Суюки и Джо наблюдали за пришельцами издалека, безуспешно стараясь понять, что же им надо. Теперь Джо смутно догадывался, что военные закладывали на острове фундамент для будущей секретной базы. Тем не менее оба по-прежнему поднимались на вершину холма для вечерней и утренней медитации и потому не уследили, когда в лесу был заложен динамит. Когда днем Джо, как обычно, подкрался поближе к незнакомцам и принялся изучать их с дерева, земля вокруг него неожиданно взлетела в воздух, все исчезло, а потом наступило пробуждение, больше похожее на дурной сок…

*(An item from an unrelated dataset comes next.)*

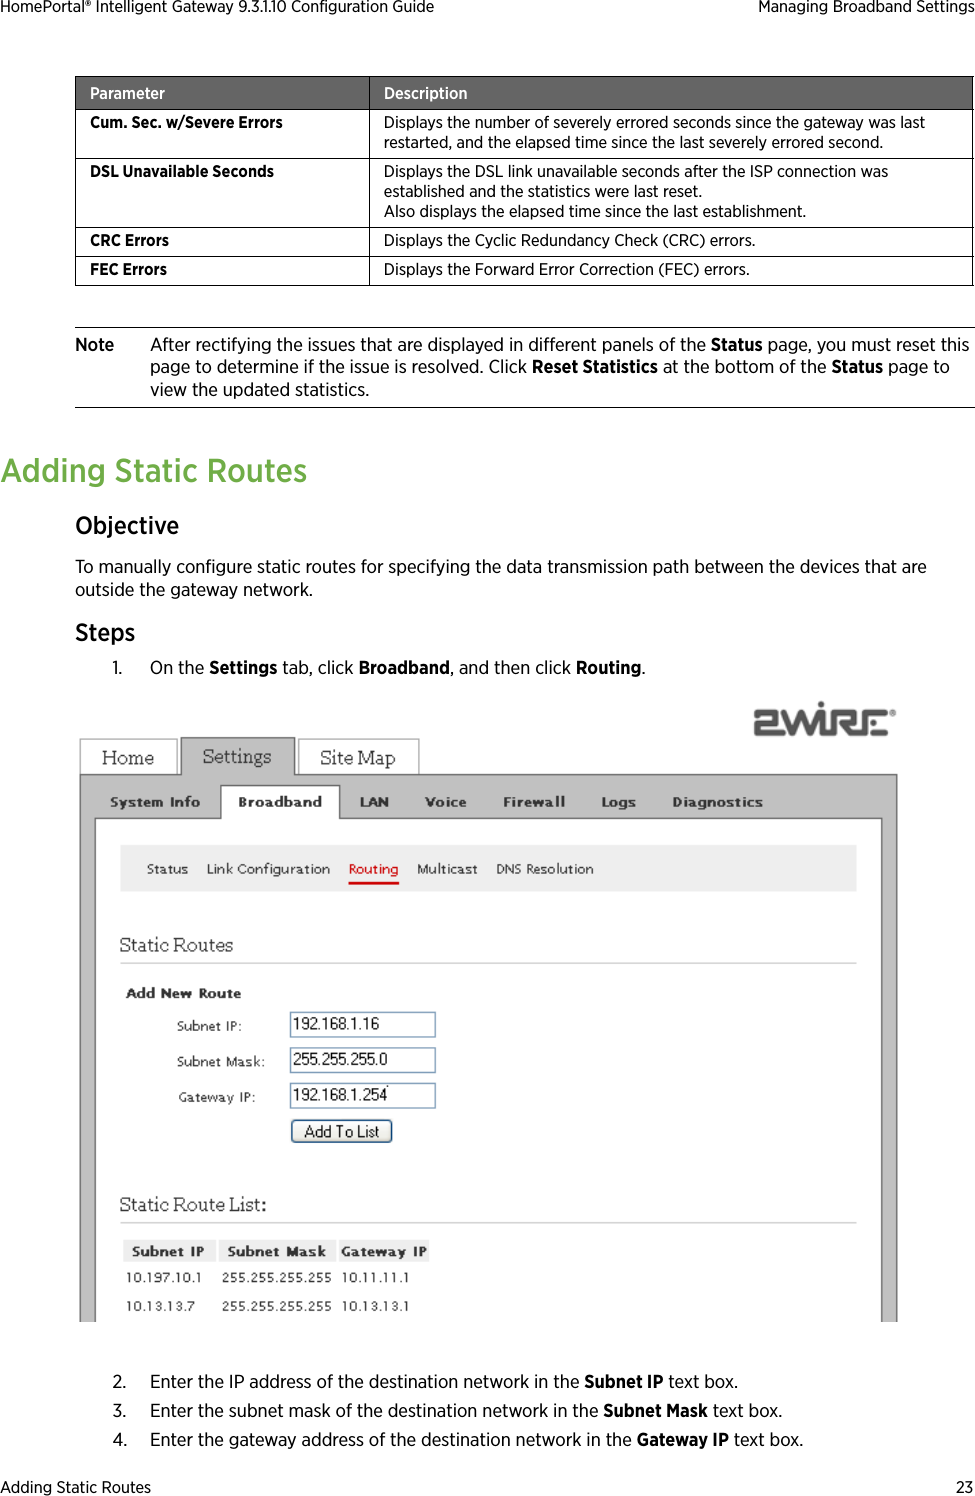 Adding Static Routes 23HomePortal® Intelligent Gateway 9.3.1.10 Configuration Guide Managing Broadband SettingsNote After rectifying the issues that are displayed in different panels of the Status page, you must reset this page to determine if the issue is resolved. Click Reset Statistics at the bottom of the Status page to view the updated statistics.Adding Static RoutesObjectiveTo manually configure static routes for specifying the data transmission path between the devices that are outside the gateway network.Steps1. On the Settings tab, click Broadband, and then click Routing.2. Enter the IP address of the destination network in the Subnet IP text box.3. Enter the subnet mask of the destination network in the Subnet Mask text box.4. Enter the gateway address of the destination network in the Gateway IP text box.Cum. Sec. w/Severe Errors Displays the number of severely errored seconds since the gateway was last restarted, and the elapsed time since the last severely errored second.DSL Unavailable Seconds Displays the DSL link unavailable seconds after the ISP connection was established and the statistics were last reset. Also displays the elapsed time since the last establishment.CRC Errors Displays the Cyclic Redundancy Check (CRC) errors.FEC Errors Displays the Forward Error Correction (FEC) errors.Parameter Description

— Да, я вспоминаю, — проговорил Джо, — но не все… есть вещи, которые я вспомнить не могу.

В следующую секунду Джо показалось, что Суюки дружески похлопал его по плечу, — нет, Учитель даже не шелохнулся, только взгляд его остановился на лице Джо.

— Было то, что я сам заставил тебя забыть, — боль могла помешать тебе.

Джо ощутил легкое удивление, но задавать вопросов больше не стал: раз Учитель считал, что так надо, не ему было нарушать неписаный закон.

— Ну что ж, — Суюки отставил в сторону чашку. — Теперь пришло время для последнего урока.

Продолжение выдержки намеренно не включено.